Dinah's head came down and her hand went right back on her hip. "Haven't I trained you any better? How dare you mix minimalism with country kitsch?"

"What," Chris repeated, so confused she couldn't make it past the basics, "are you
doing
here? And where have you been?"

Dinah flashed her one of her shark smiles. "I am here," she announced, "to kick off the next leg in the career of the infamous Jacqueline Christ. Where I was is my business... and a certain tennis pro's. Now, where do I sleep?"

Chris's reaction was automatic. "New York."

Dinah scowled at her. "I'm disappointed. I'll admit I expected a certain amount of surprise at my generous gesture. But I was hoping for at least a little delight."

"I am," Chris retorted, her voice dying uncertainly. "Delighted, I mean. And surprised... no, I'm stunned. Dinah, this just isn't like you."

"Don't push it. I needed a change. Now, are you going to show me around, or do I call for the concierge?"

That finally got Chris to giggle, even though the sound was sharp and desperate. Dinah, here. Now. Chris gave more than fleeting thought to wonder whether she hadn't just graduated to big league hallucinations.

If she had, she was also hearing things. Knocks on the door. Another voice. Dinah must have heard it, too, because she turned right around to answer it.

"Wait—"

Too late. With the appropriate flourish, the little agent threw open the door to expose Mac standing in uniform out on the step.

"Well, well, things might just be looking microscopically better," Dinah greeted him. "Are you what they call local color?"

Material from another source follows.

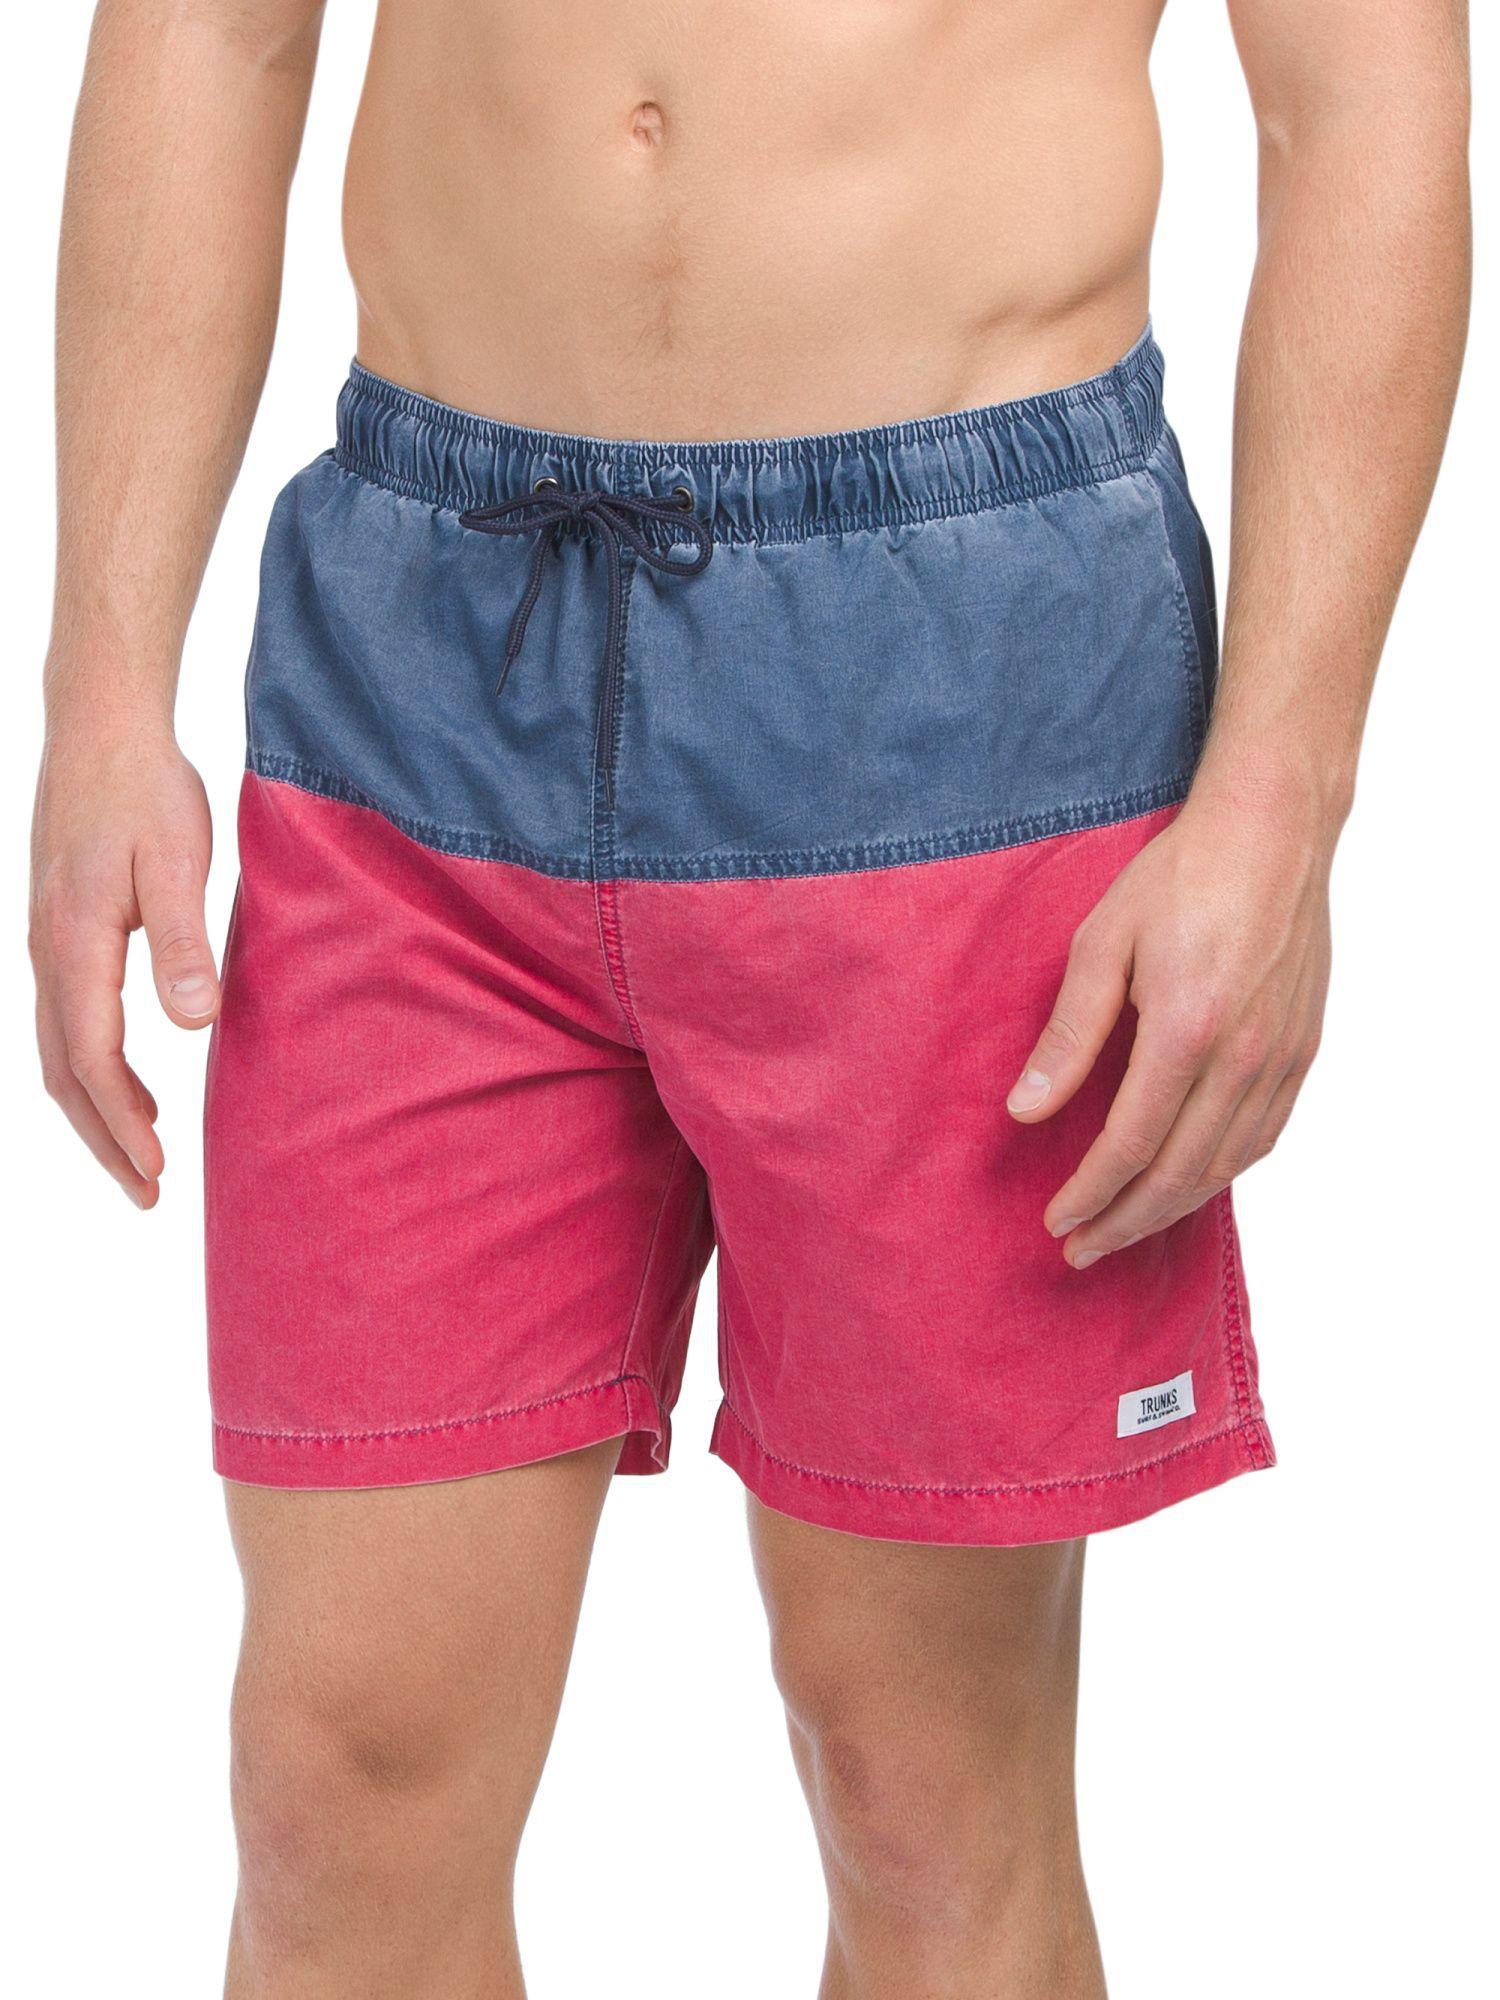 f7147b9b64 Nylon Pigment Board Shorts | Products | Drawstring waist, Swim ...

Chris shoved right past her to get the screen door open. Mac paused a second, obviously unsure that he wanted to jump right into this particular situation. Chris could hardly blame him.

Well, at least it proved that she wasn't hallucinating. Mac saw Dinah, too. She could tell by the look on his face.

Dinah stared way up at him and held out a hand as if they'd met at a cocktail party. "Dinah Martin," she said as he finally stepped in. "You are?"

Mac came right to attention. "Dinah Martin?"

Dinah didn't miss a beat. "If you insist," she conceded. "Except I think people are going to get us confused."

Chris couldn't take her eyes off her friend. Dinah was a character, but Chris couldn't say she'd ever seen her quite this... volatile.

"Dinah, this is Police Chief MacNamara," she finally managed. "Mac, this is my long-lost agent. Evidently she's been on the wagon train for Pyrite with a tennis pro."